Histone and DNA methylation can act together to induce tumors by silencing oncogenes. A frequently mutated gene in CRC is the tumor suppressor gene p53, known as the guardian of the genome [19]. Various stress signals can activate p53, such as DNA damage or oncogene activation. When activated, it mediates various cellular responses, including DNA repair, cell cycle arrest, senescence, apoptosis, ferroptosis, stem cell reprogramming, invasive metastasis, autophagy, metabolism, and cell death [20,21]. P53 mainly acts as a transcription factor, controlling the expression of hundreds of target genes [22]. Methylation modification of histones tightens chromatin and inhibits gene expression, while HDMs antagonize this process.
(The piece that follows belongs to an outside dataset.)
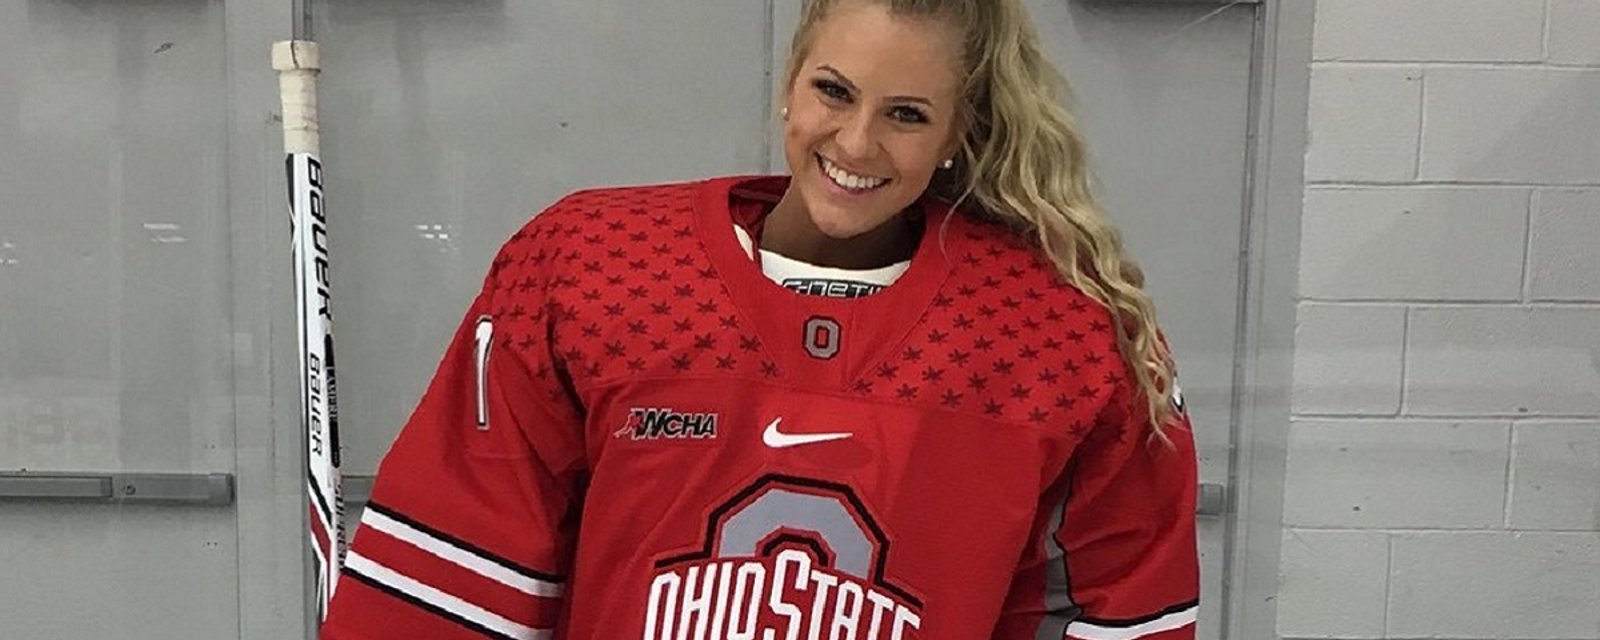 Must See: Ohio State goaltender might be the hottest athlete in NCAA

The histone lysine methyltransferases SET domain containing 9, histone lysine methyltransferase (Set9), SET and MYND domain containing 2 (SMYD2), and SET domain containing 8/histone lysine methyltransferase (Set8) have been found to methylate the p53 protein and regulate its function. Its methylation sites are K372, K370, and K382, respectively [23,24,25]. Histone lysine-specific demethylase 1 (LSD1) was found to inhibit p53 function by specifically demethylating its K370 site, leaving CRC cells uninhibited and able to continue proliferating and differentiating [26].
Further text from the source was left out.